In my previous postings on the subject, I’ve referred to what we can infer from “extant” manuscript evidence.  One reader expressed doubts about being able to make any valid inferences, given that only a small amount of manuscript evidence remains extant.  So, I’ll explain my reasoning.

First, although only a small amount of what was originally produced, the extant remains of early Christian manuscripts do amount to a body of evidence.  That’s where we start.  That we have only a small amount of the original body of evidence still means that we have some evidence.  That shouldn’t be devalued.

Secondly, the extant manuscript evidence is random, not pre-selected for preservation.  So, if anything, this actually enhances the heuristic value of the evidence.   That is, the random nature of the evidence means that it wasn’t filtered to achieve a particular result.

Thirdly, all our information about early Christianity in the first three centuries shows a remarkably lively “networking” and interchange of texts, manuscripts, beliefs, practices, etc.  I’ve documented this in previous publications such as this one: Larry W. Hurtado, “Interactive Diversity: A Proposed Model of Christian Origins,” Journal of Theological Studies 64 (2013):  445-62.  (The pre-publication text of this essay is available on this blog site here.)  This means that, although nearly all of our early Christian papyri come from sites in Egypt, they are likely to be representative of how manuscripts looked in the wider Christian network.

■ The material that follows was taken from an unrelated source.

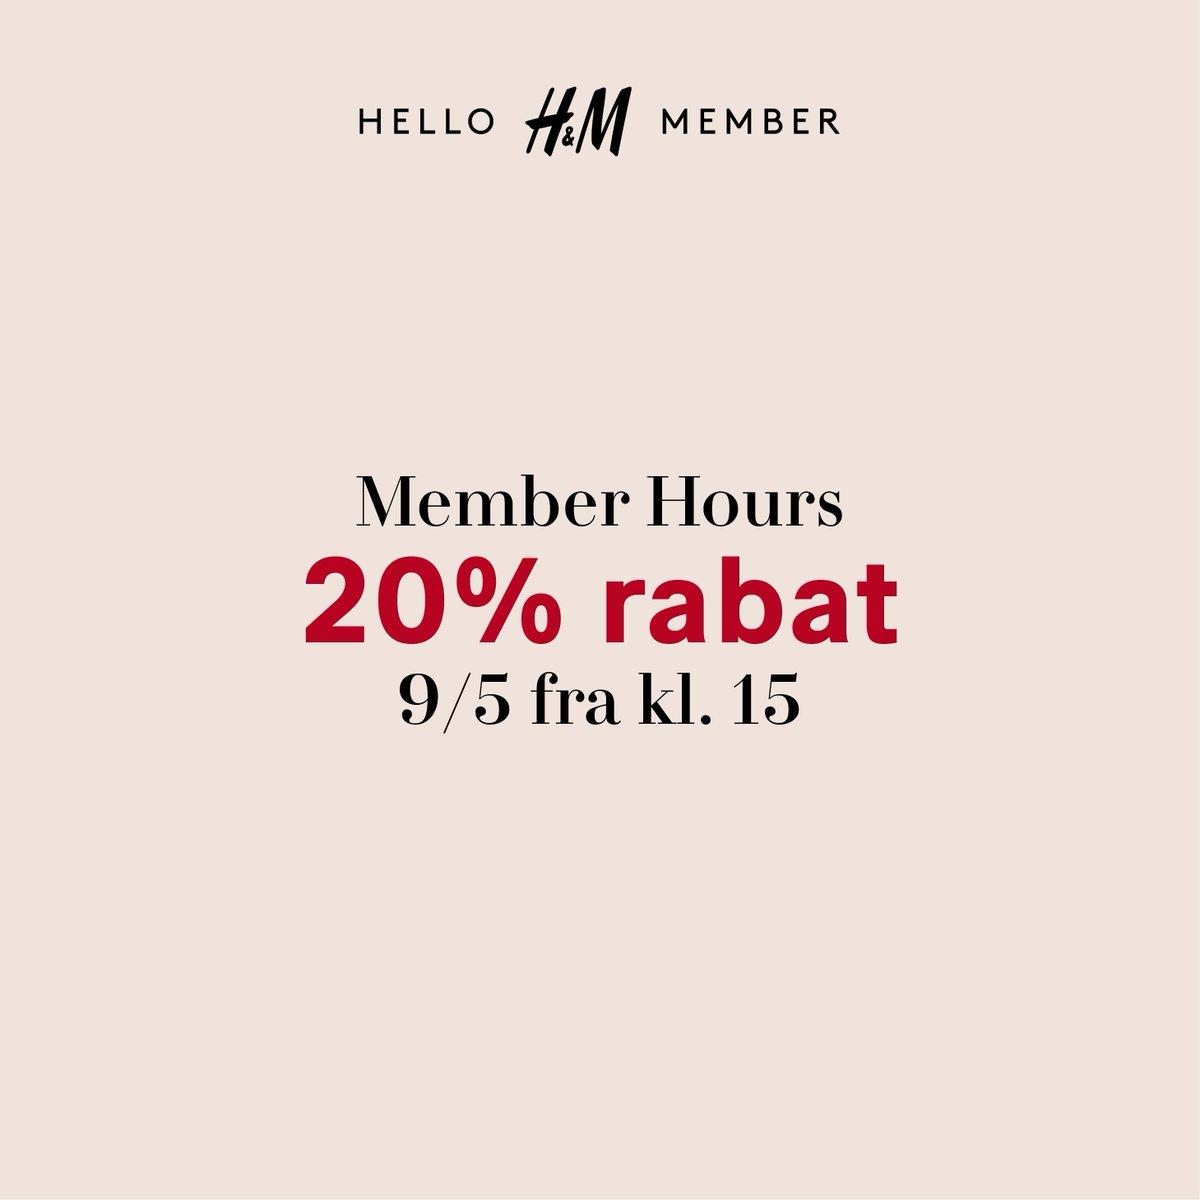 Member Hours i morgen, torsdag d. 9/5 fra kl. 15! Få 20% RABAT på hele dit køb i alle H&M-butikker og online - i butikkerne fra kl. 15 til lukketid og fra kl. 15-21 online. Ikke medlem? Meld dig gratis ind via H&M-appen. Rabatten opnås ved indløsning af reward. #HMMember https://t.co/V5Gar3EIBt

Finally, as with any historical matter, conclusions are susceptible to revision in the light of new evidence or corrections to our approach to what we have.  So, when I write that in light of extant evidence the dominant approach to the copying of the Gospels in the first observable centuries was basically careful and stable, that is a conclusion subject to correction . . . but only by the introduction of new evidence or demonstration of evidence overlooked.  Abstract references to what might or might not have been there are hardly of any use.  At the very least, it is totally fair to say that the extant manuscript evidence doesn’t support the widespread assumption that in the early centuries the copying of the Gospels was “wild” and “chaotic” etc.  So, we have to ask why that assumption seems so attractive, despite it having so little basis in the extant evidence.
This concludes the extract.